Luckily, Go have another package that helps to simplify the implementation of hash code for map. It is the package `maphash`. With the `maphash` package, we can easily implement the hash code the primitive types like string or numbers:

var h maphash.Hash
h.SetSeed(maphash.MakeSeed())
h.WriteString("hello")
hashCode := h.Sum64() // 10811116414953202048
Playground
number := 12.3
var h maphash.Hash
h.SetSeed(maphash.MakeSeed())
binary.Write(&h, binary.BigEndian, number)
hashCode := h.Sum64() // 4236663090134902550
Playground

But what if we have a key of the map is a struct that includes fields of different types like below:

type Employee struct {
	Name      string
	Age       int
	Address   string
	BirthDate time.Time
}

How can we implement the hash code? You might think that we just need to convert everything into string and contact them together to form a key? But it will cause some problems, the 2 following employees will have the same key and hence the same hash code:

e1 := Employee{
	Name: "Jack",
	Age:  15,
}
// Key: Jack15

e2 := Employee{
	Name: "Jack1",
	Age:  5,
}
// Key: Jack15
Playground

You can argue that we can add a separator between the fields... but then we need to identify which ones are safe to use. And if the separator collides with the value of the key?

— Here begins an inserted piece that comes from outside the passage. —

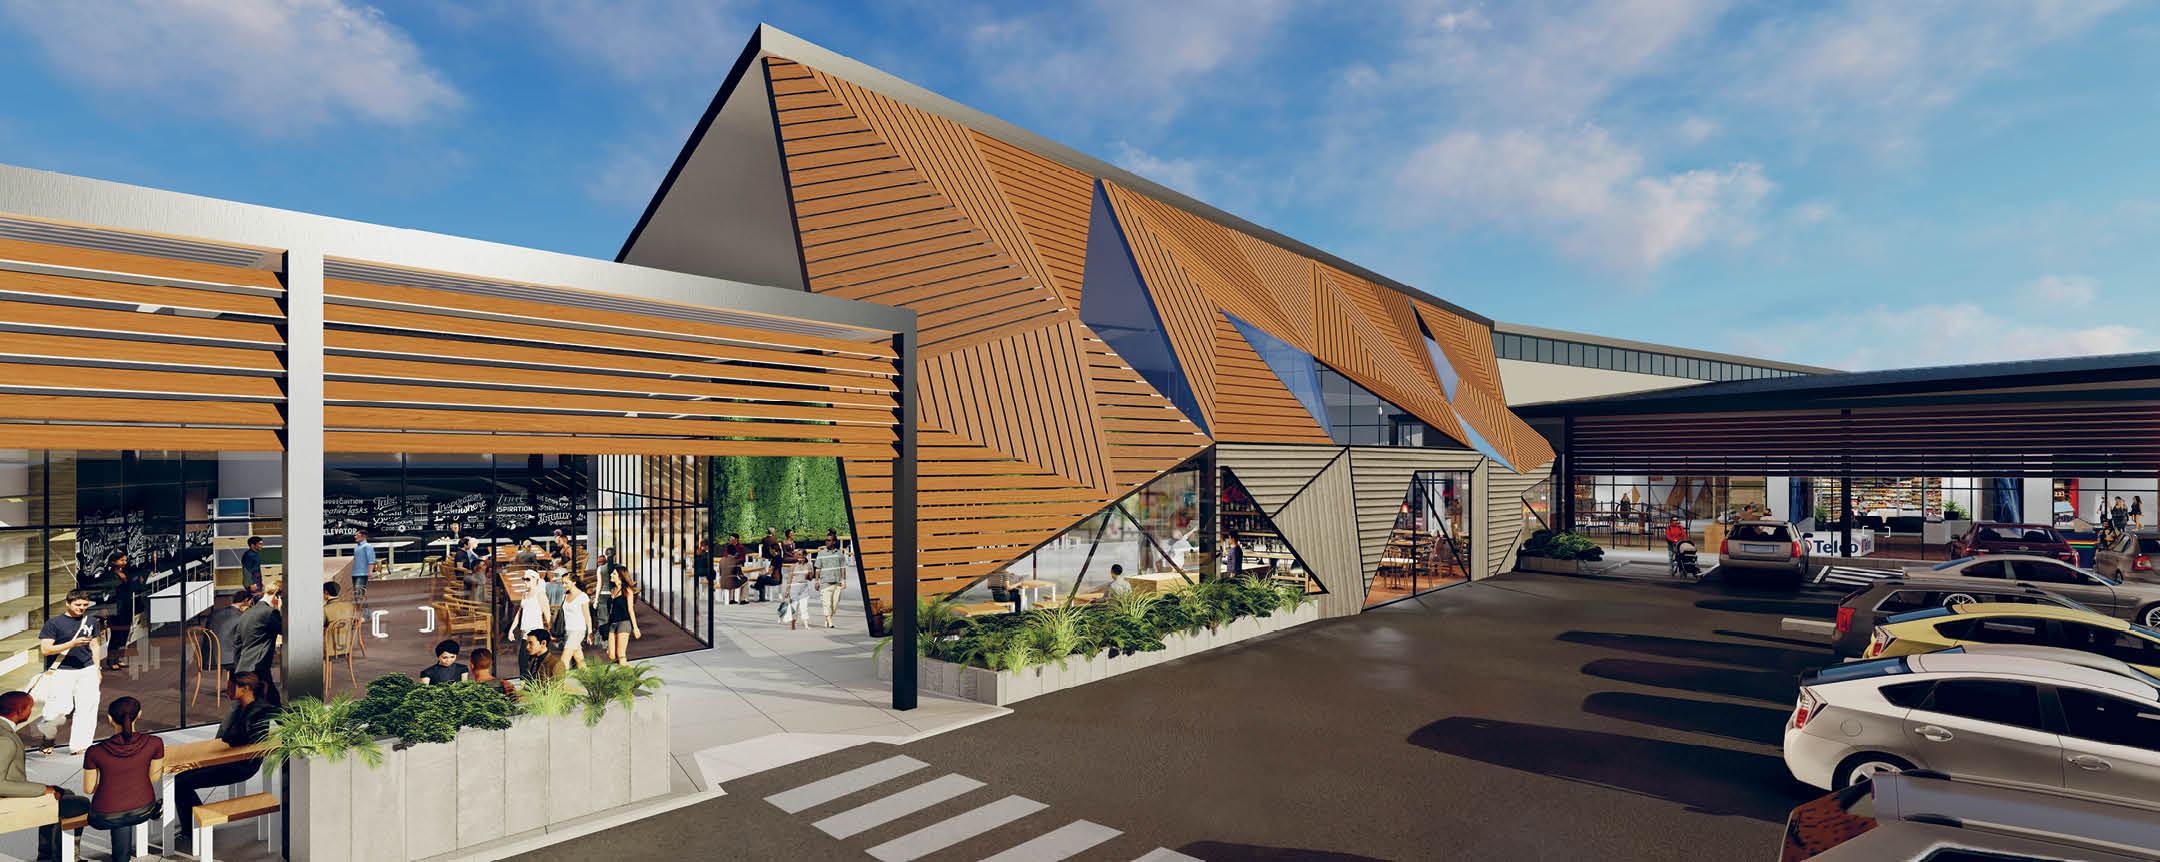 Lake-Macquarie-Fair-Redevelopment_1080x431-3

Because of those complexities, we need another simple mechanism to apply. But unfortunately there is no guideline from Go on how to implement the hash code. Hence the best way I can imagine is to use the similar mechanism that I used to use while working with Java. This mechanism uses 2 primes numbers, one as the init of the hash code and another one as a multiply factor for the hash code. It is quite popular in the Java community. The steps can be described as below:

  1. Let call the hash code we want to calculate is `sum`
  2. Init `sum` with value is a prime number. i.e. 7: `sum = 7`
  3. For every single field `n` of the given struct, calculate its hash code `sum_n`.
    1. If type of the field is kind of byte or string, write directly to the `maphash.Hash`
    2. If type of the field is boolean, number, or slice values of them, use `binary.Write` to write to the `maphash.Hash`
    3. If it's time, get its binary value by calling `MarshalBinary()` and write to the `maphash.Hash`. Or you can simply get the `UnixNano()` and uses `binary.Write` for it.
    4. If you have a slice or map of types, iterate over it and apply the same principle to calculate its sum.
  4. Combine the `sum_n` with the total sum by multiple it with the multiply factor (which is also another prime number), i.e 31: `sum = sum * 31 + sum_n`
  5. Perform step #3 and #4 for all the fields of the struct that should be used for comparing the struct.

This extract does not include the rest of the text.